| Problem details |
Write out the data exactly as given, dropping every picture.

| Information provided |

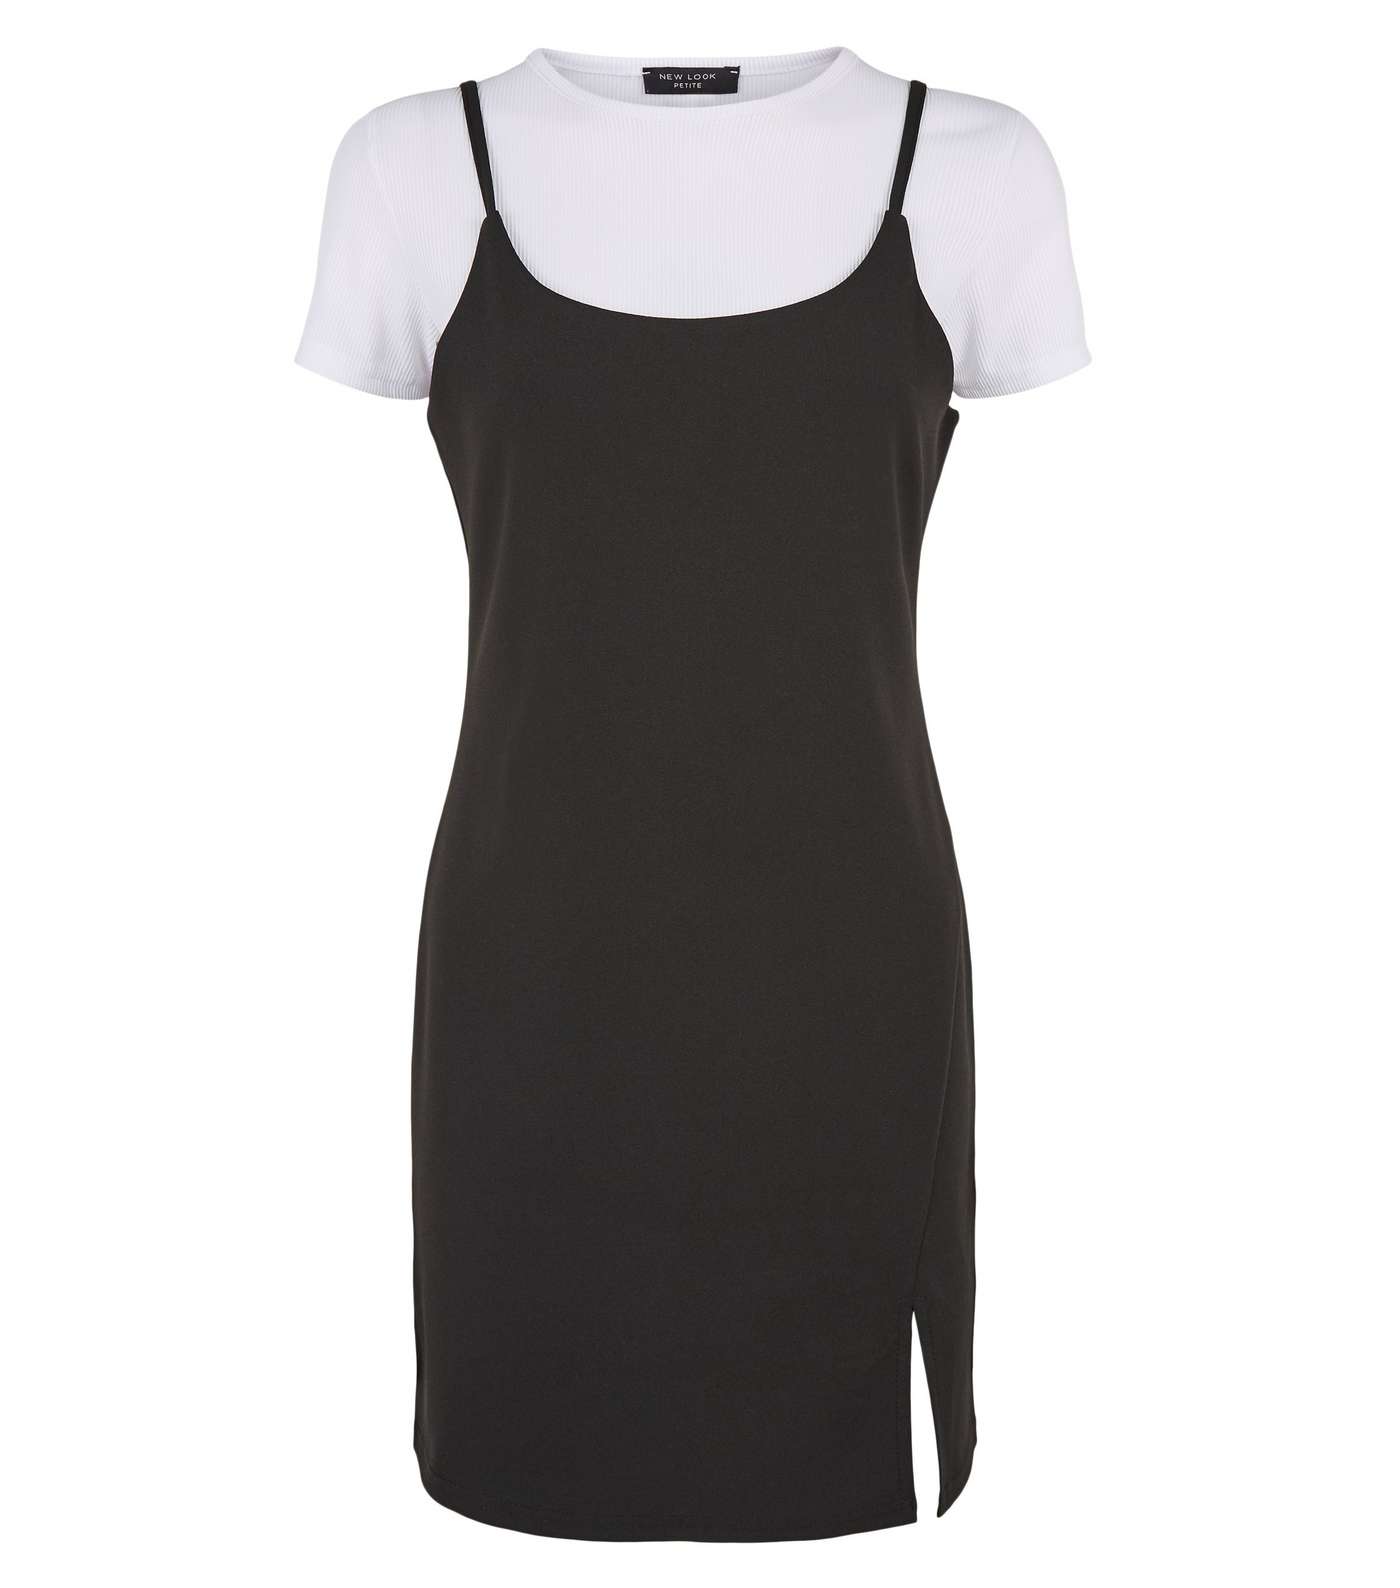 Petite Black 2 in 1 Slip Dress Image 4
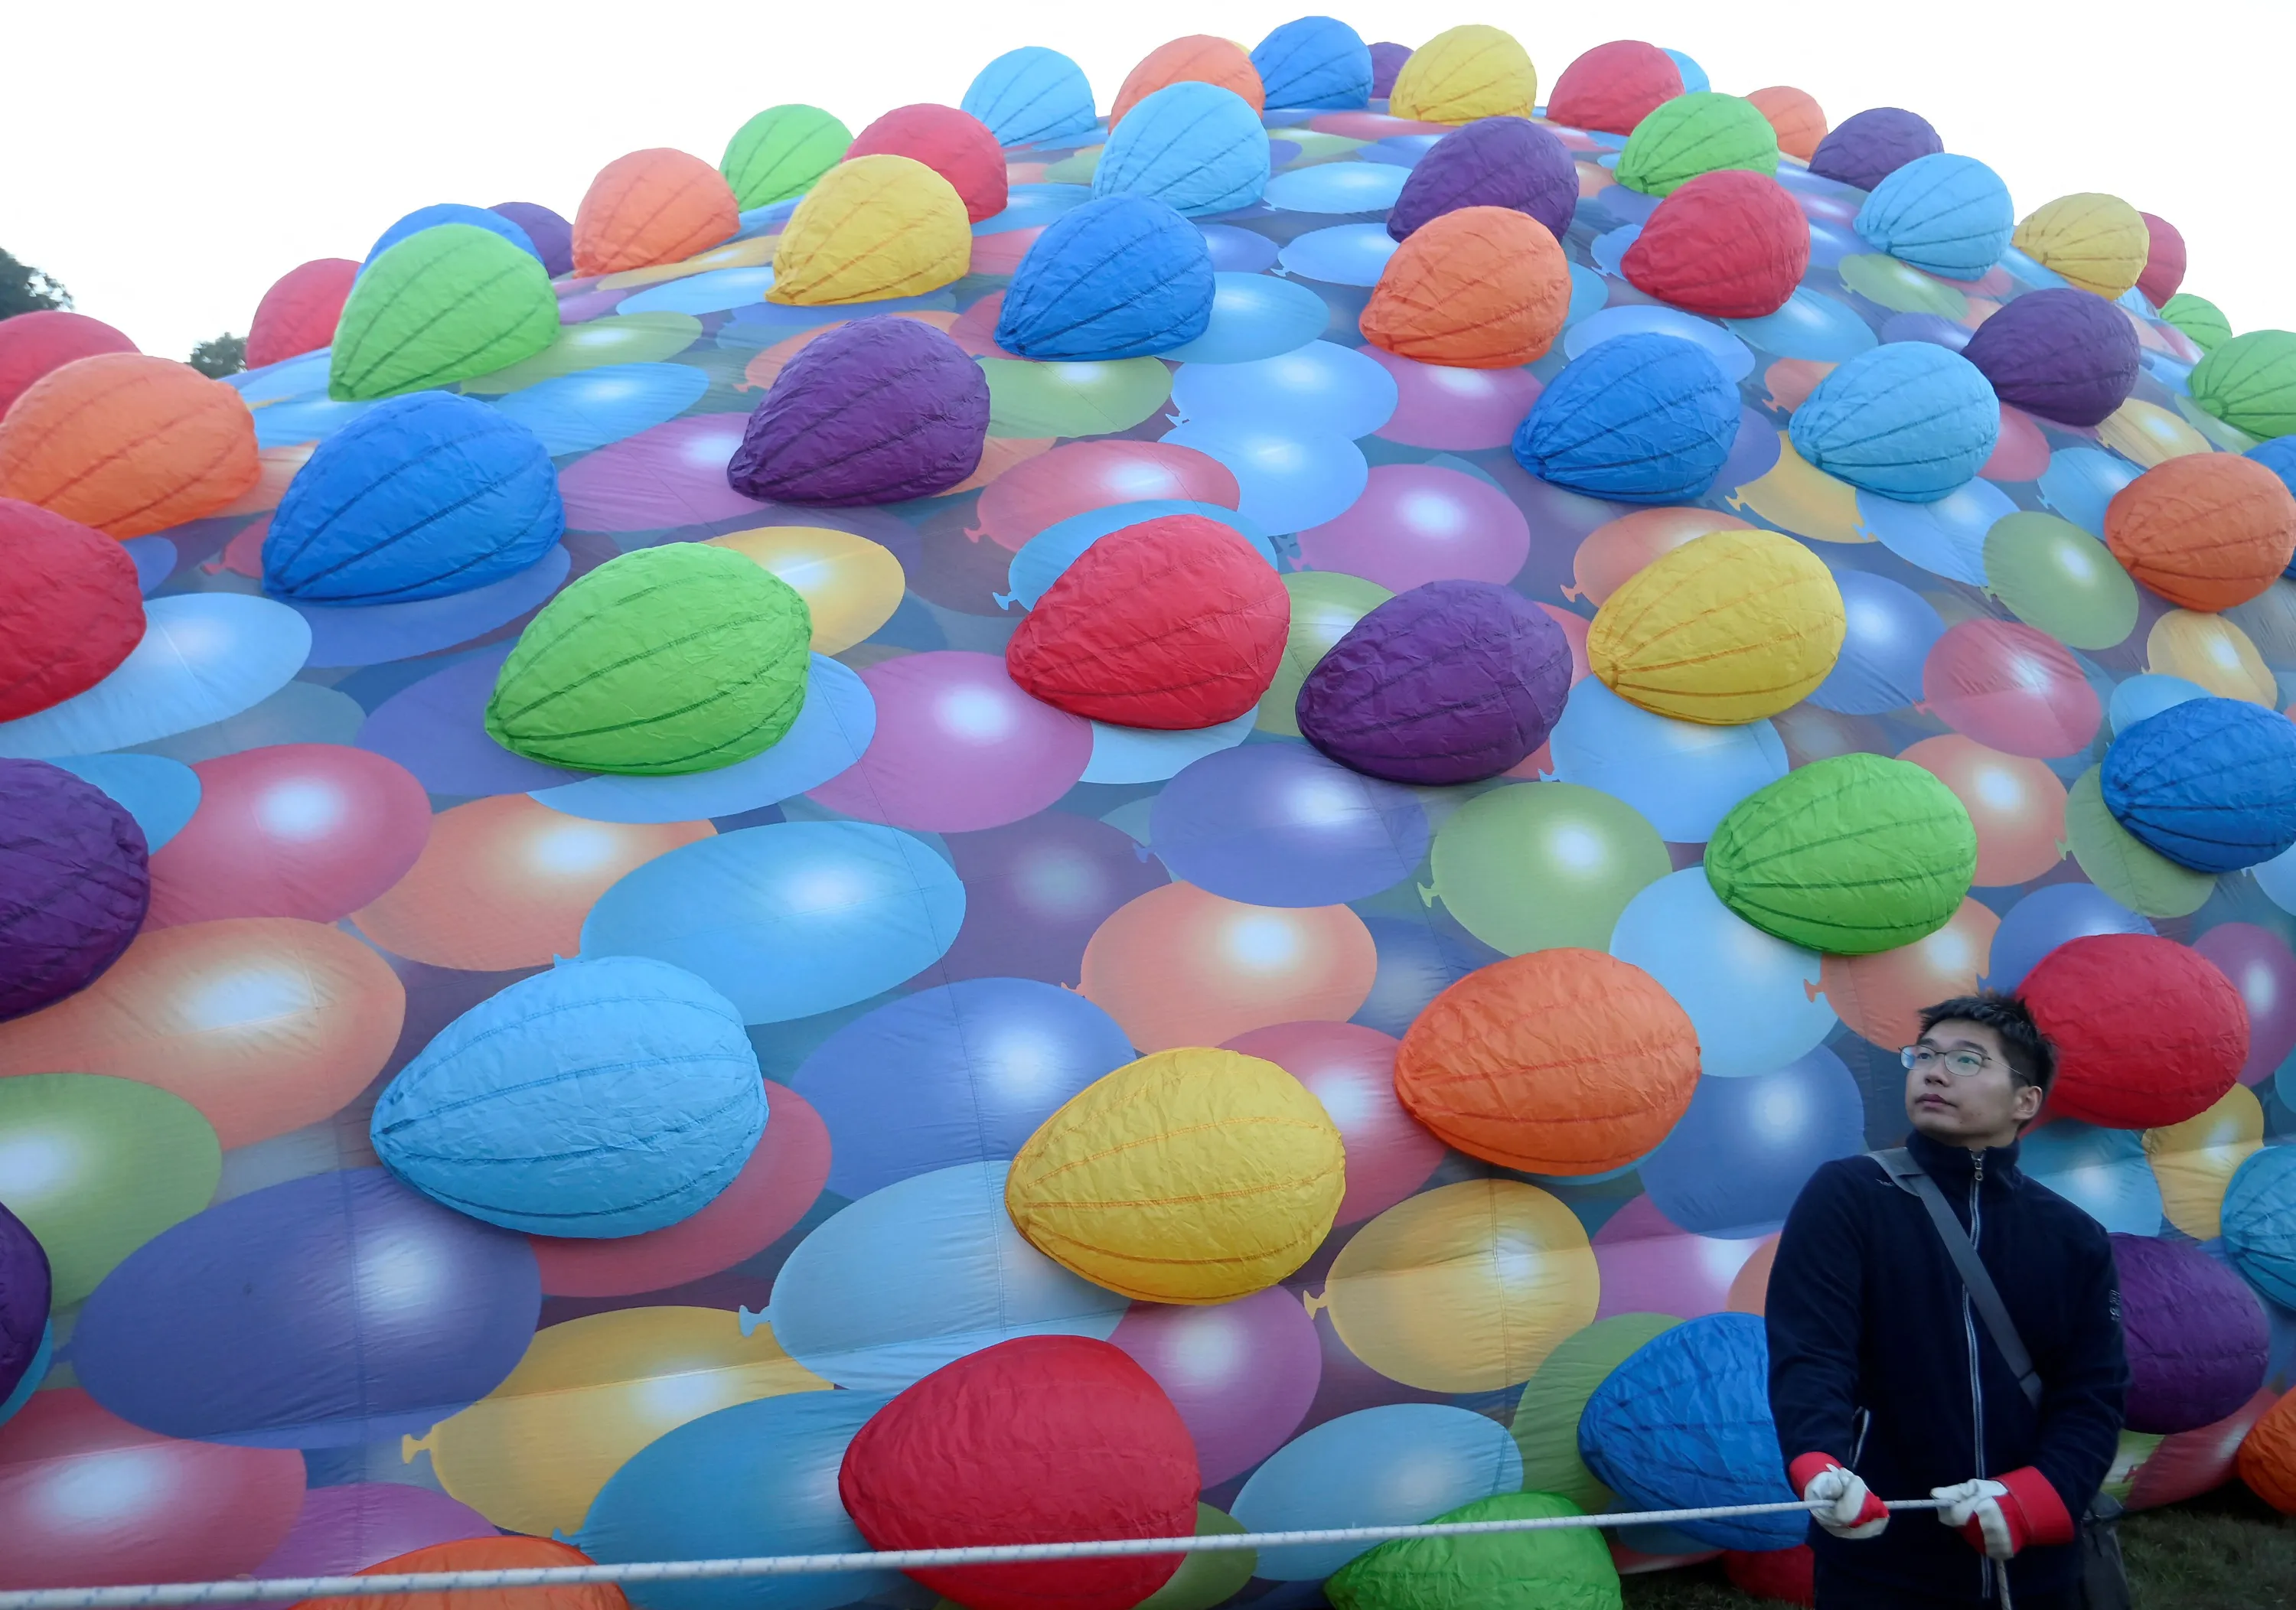 На шаре караоке. Самый большой воздушный шар в мире. Самый большой воздушный шарик в мире. Воздухоплавательный шар в интерьере. Много воздушных шариков фото.
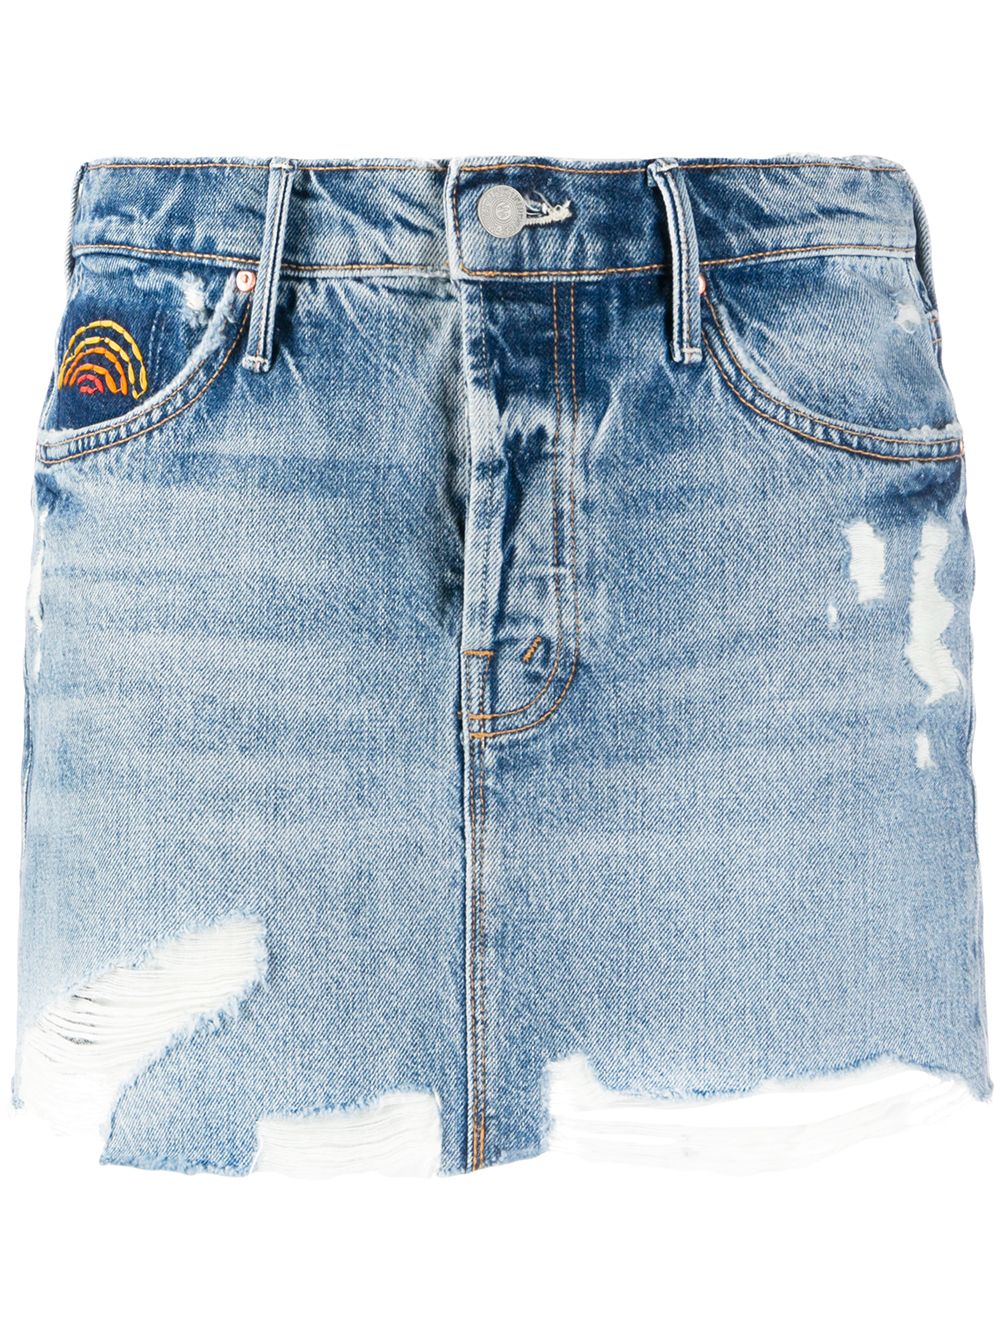 фото Mother джинсовая юбка с бахромой

| Output of the task |
 Petite Black 2 in 1 Slip Dress Image 4
 На шаре караоке. Самый большой воздушный шар в мире. Самый большой воздушный шарик в мире. Воздухоплавательный шар в интерьере. Много воздушных шариков фото.
 фото Mother джинсовая юбка с бахромой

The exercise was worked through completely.